La equivocación básica es ver y creer que la realidad es "material", personas y objetos separados entre sí. Todo lo que llamamos "existente" lo vemos así. Creemos también que lo que separa las cosas es espacio vacío, "diferente" de lo material. Y que "lo espiritual" no es espacio ni materia, sino un "tercer factor", un poder externo y superior, en el que tenemos que creer ciegamente pues es imposible de conocer directamente.

Esta visión nos motiva el miedo a morir, a las pérdidas y a la soledad, es la raíz de la tristeza y la insatisfacción, nos hace esclavos de cosas materiales, indiferentes a todo lo que no es "yo" o "mío", indolentes al sufrimiento ajeno y somos éticos por temor al castigo divino.

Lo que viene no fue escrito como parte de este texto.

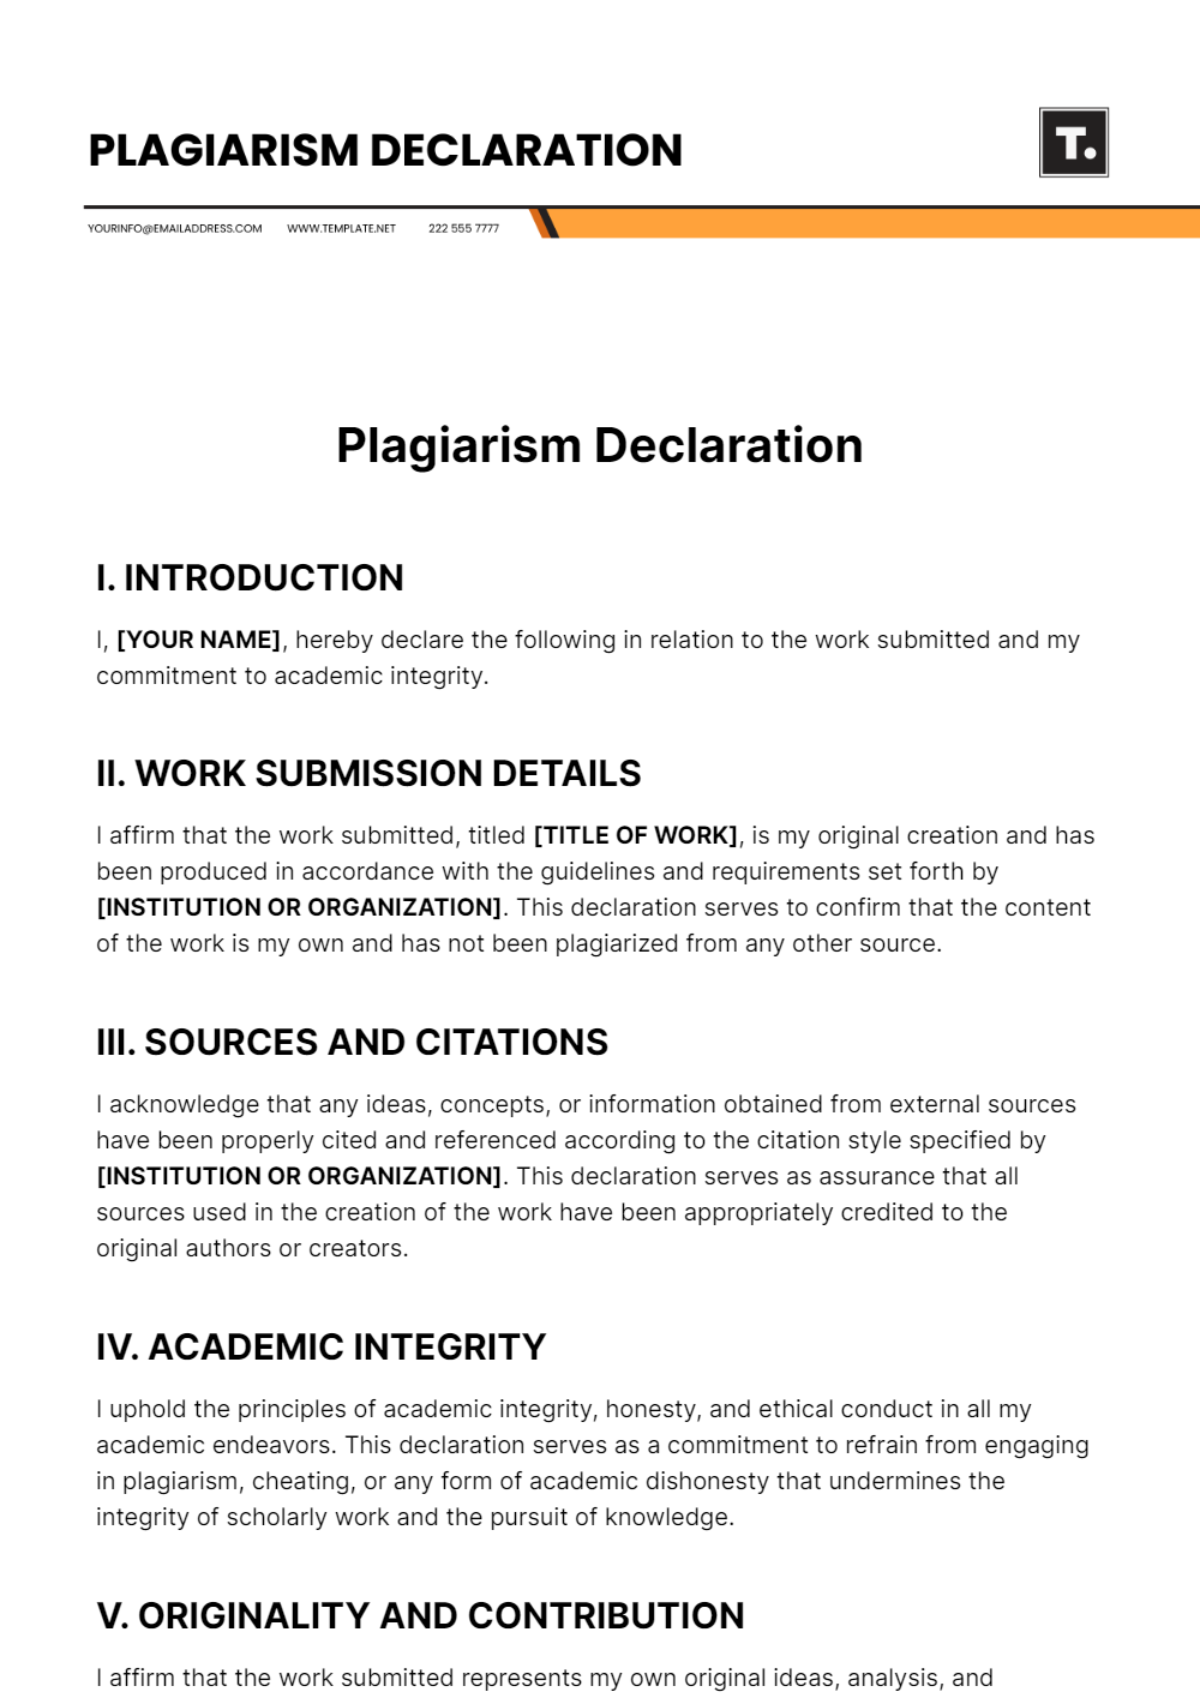 Plagiarism Declaration Template

El sufrimiento es una experiencia personal. El de causa concreta o física, o el de causa mental-emocional, es sufrimiento si es una experiencia mental-sintiente. Sin mente que percibe, no se sufre.
Si creemos que somos exclusivamente seres separados y nos centramos en existir y desear siempre lo mejor para nosotros y sin cambios, el sufrimiento se presentará siempre en nuestras vidas, porque todo cambia y nada permanece. Inevitablemente sufriremos enfermedad, envejecimiento y muerte.
Aunque logremos algunos objetivos deseados (amor, bienes, éxito, hijos), no es posible retenerlos, son perecederos. Además también cambian nuestros sentimientos por las "adquisiciones": muchas hoy las queremos, mañana no.

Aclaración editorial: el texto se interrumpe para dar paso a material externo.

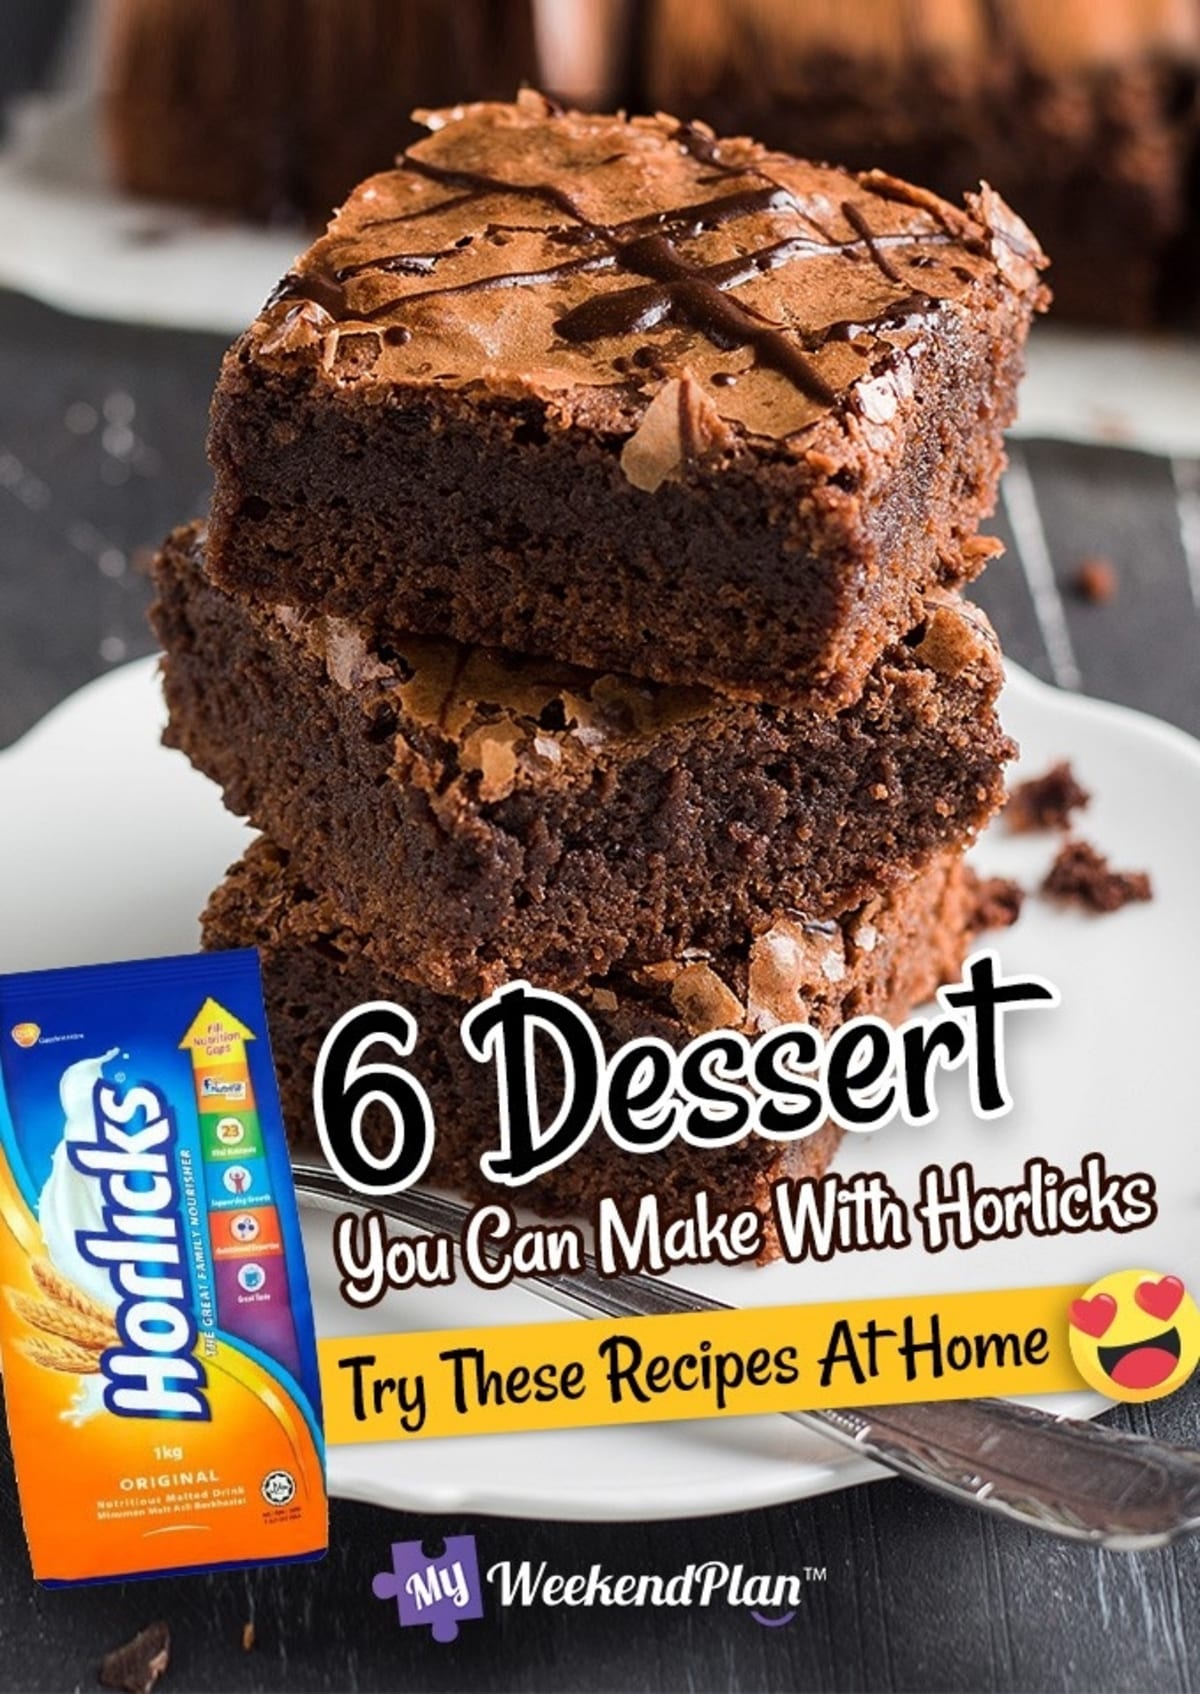 6 desserts recipe by using horlicks

Sumado a esta "realidad inevitable", al creernos totalmente seres separados, cada uno de nosotros se identifica con ser el sujeto central, en forma egoísta nos importa sólo "lo mío y los míos". Miramos todo lo demás localizándolo afuera, seguimos los dictados de nuestros deseos ego-céntricos y separados de los otros seres sintientes, del entorno, de la naturaleza; somos indolentes al padecer ajeno y realizamos acciones que son equivocadas, hacen daño y resultan siempre en
sufrimiento para nosotros y/o los demás.



Sin entender, percibir y vivir desde una visión de pertenencia a una totalidad indivisa, integrando y amando todo, uno y los demás, sensibles a los efectos de nuestros sentimientos y acciones en nosotros y los otros, y todos los tiempos (pasado, presente y futuro), no hay salida para el sufrimiento humano.